The Reserve Bank's report on currency and finance for 1960-61 points out that altogether industrial production has risen by more than 12 per cent; paradoxically the index of wholesale prices also rose by 7.2 per cent. A total rise of 30 per cent in the wholesale prices during the Second Plan period is what we begin with at the start of the Third Plan with all its further consequences in the same direction admitted in legible printer's ink. The so-called Third Plan begins with the lowest level of foreign exchange reserves and a dangerously high level of prices. And it, as the planners have admitted, there is likelihood of a further steep rise, the situation cannot be coped with or covered by cliches and long speeches lulling people to sleep.
A clear admission is always useful, specially when it comes from the Minister for Planning. The report reads : "On the vexed question of prices. Mr. Nanda said that one of the reasons for the rise in prices during the Second Plan was that deficit financing had increased out of proportion." This is an answer to all the ignorant talk of Congress bosses at lower levels that the printing of notes at Nasik did not matter, and, indeed, that it was good for the poor people who got more money thereby.
It is unfortunately far too easy to bamboozle our people and steal their votes. But it is lucky that there is an honest man somewhere who, in spite of much muddle, retains his respect for truth. Deficit financing, which is another name for the printing of: currency to overbalance production and to obtain human labour: cheap, is at least 'one of the reasons’ for the rise in prices.
Now what did Mr. Nanda say next? He said that indirect taxation during the last ten years had been responsible for an annual increase of prices by half a per cent. The word 'annual' means a progressive half a per cent. How he was advised, and on what nice calculation, to reach this precise half a per cent will be a mystery. But that apart, it is clear the Government is making up for it by increased indirect taxation during the period of the 3rd, 4th, 5th, 6th, etc., plans.
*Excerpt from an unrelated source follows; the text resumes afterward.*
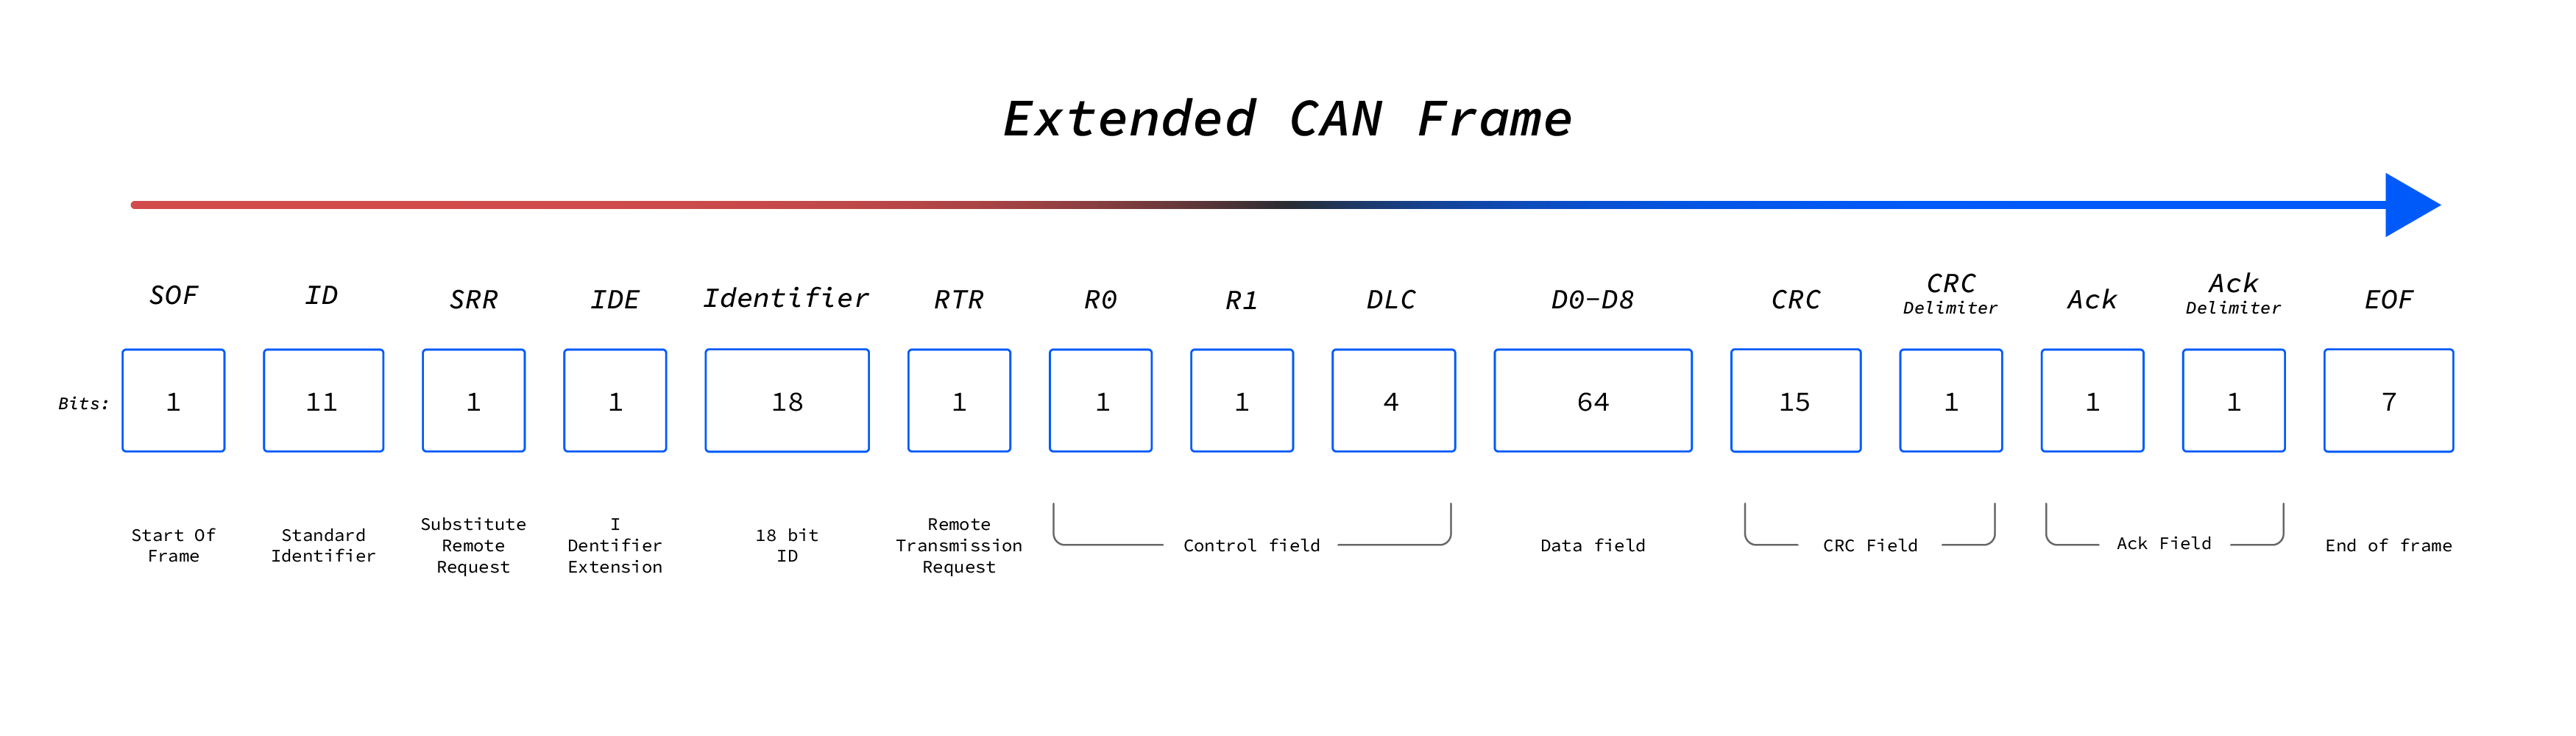 Extended CAN frame explained

It is either deficit financing or indirect taxation or both, and it is no comfort to the poor man that the operation shifts from one to the other according to the whim of the grand operator. The Plain report explicitly admits there will be a rise in prices but promises to keep it in check by physical controls and other methods.
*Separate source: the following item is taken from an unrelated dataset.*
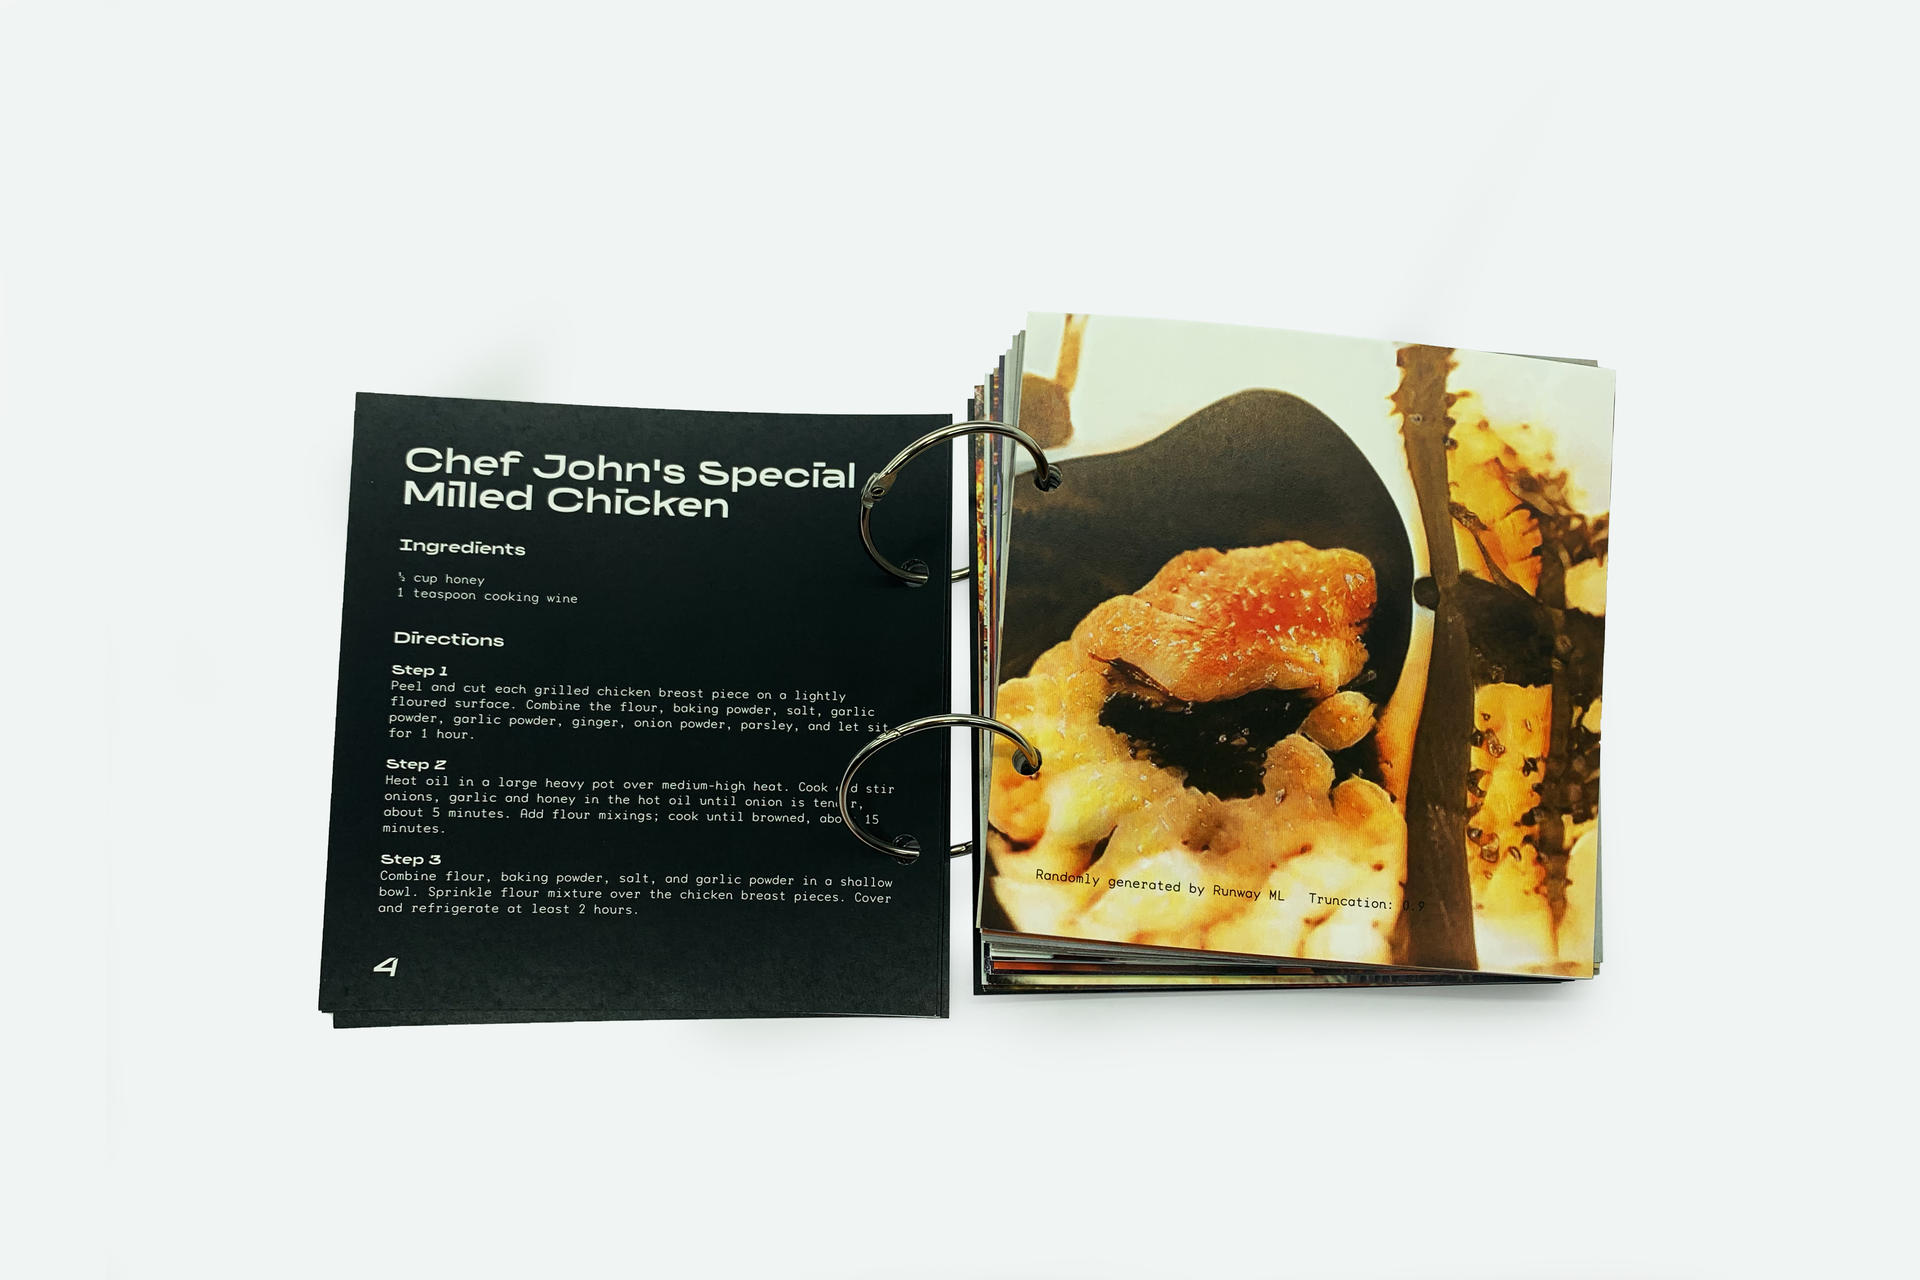 A spread of the book, showing the recipe and food image that were both generated by machine learning.

There is an innocent belief that the Government at the Centre or those in the States can somehow 'check' prices and 'hold the price line', and appeals are made in the press for this being done at once. This physical holding of the price line is an illusion which, if allowed to prevail, will only lead to more black- marketing as well as high prices. Holding the price line is not a circus trick. It means reversing policies.
The Planning Commission believes in what it calls "institutional changes" to control prices, that is to say, in the transfer of the distribution business from private and individual hands to co-operative and State agencies. This would result in monopolies and plenty of mismanagement. The limited safeguard against undue exploitation which is inherent in the competition of the free market will be lost and there will be more black- marketing-witness the cement business, a scandal that everybody now knows but which is still unabated.
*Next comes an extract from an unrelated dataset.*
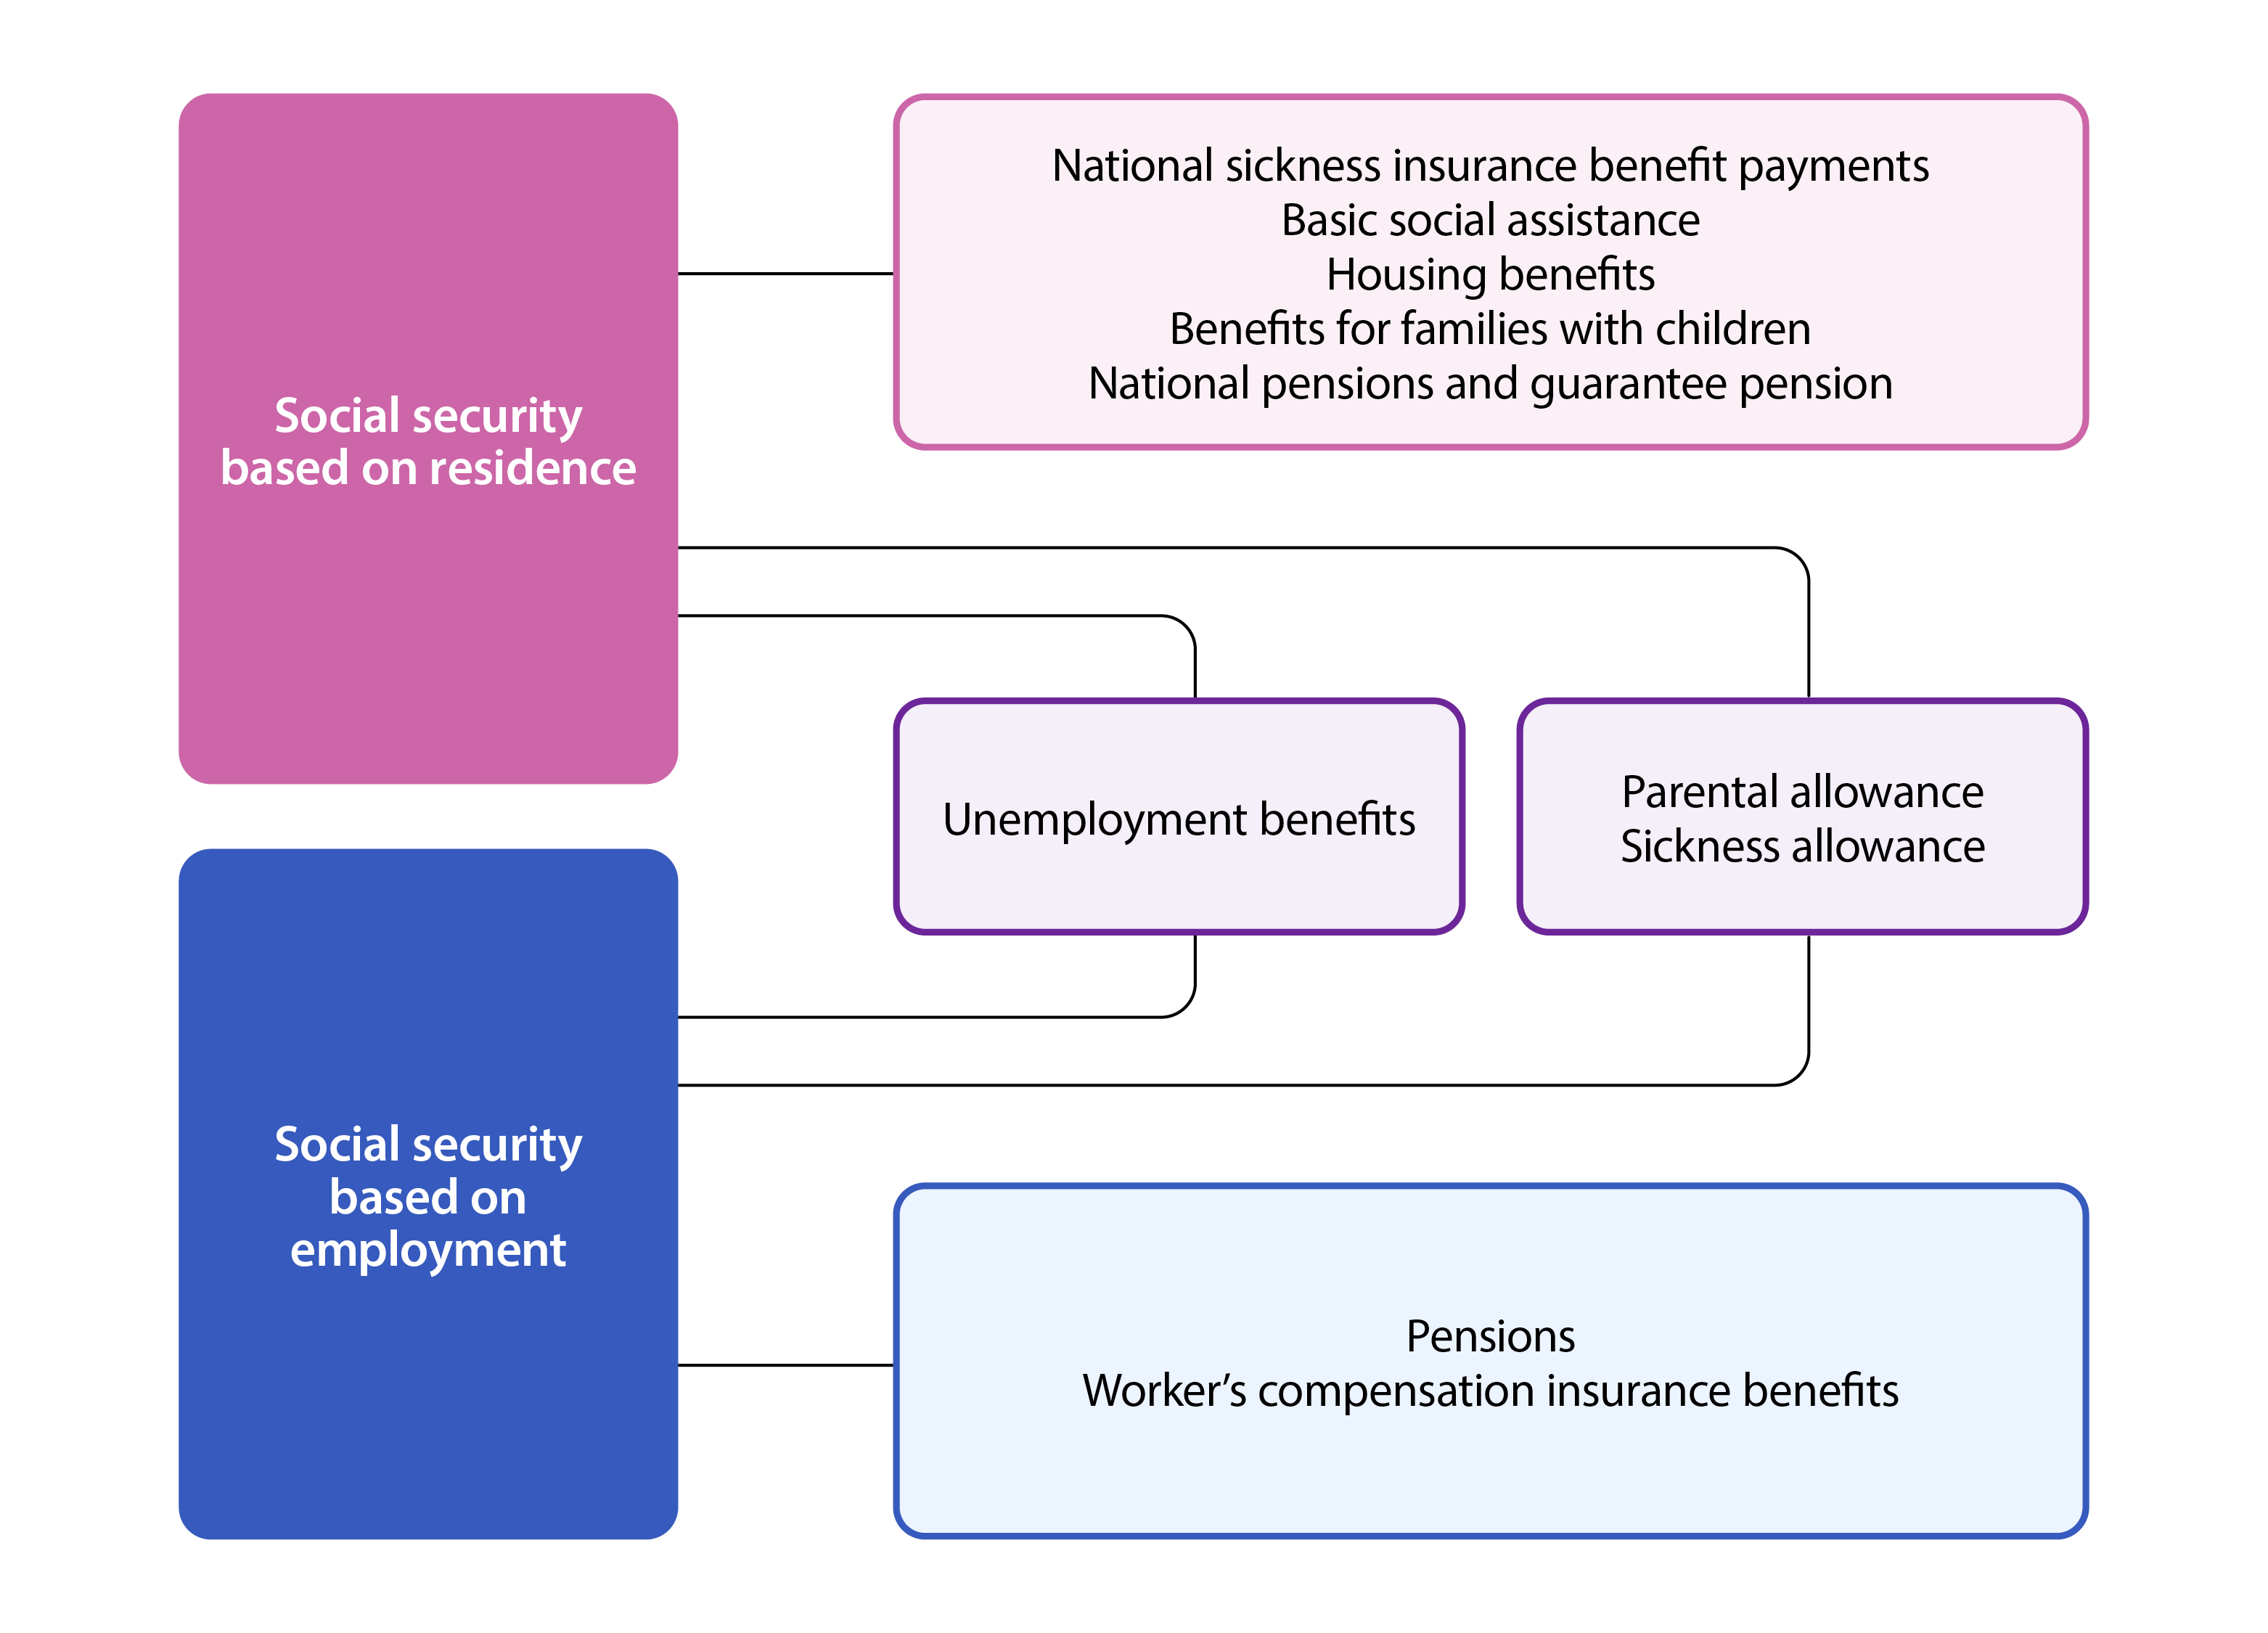 Graph about social security based on residence and employment.

The payments position having become difficult, we have secured what may be deemed a concession that payments to some of our foreign creditors may be in Indian currency. Apart from the possibility of such rupees going to help subversion, it will certainly add to the inflation and the upward flight of prices.
All this is melancholy but one cannot help warning where warning needs to be given. To flatter or suppress truth in fear of something is not patriotism but the opposite of it, viz., treason.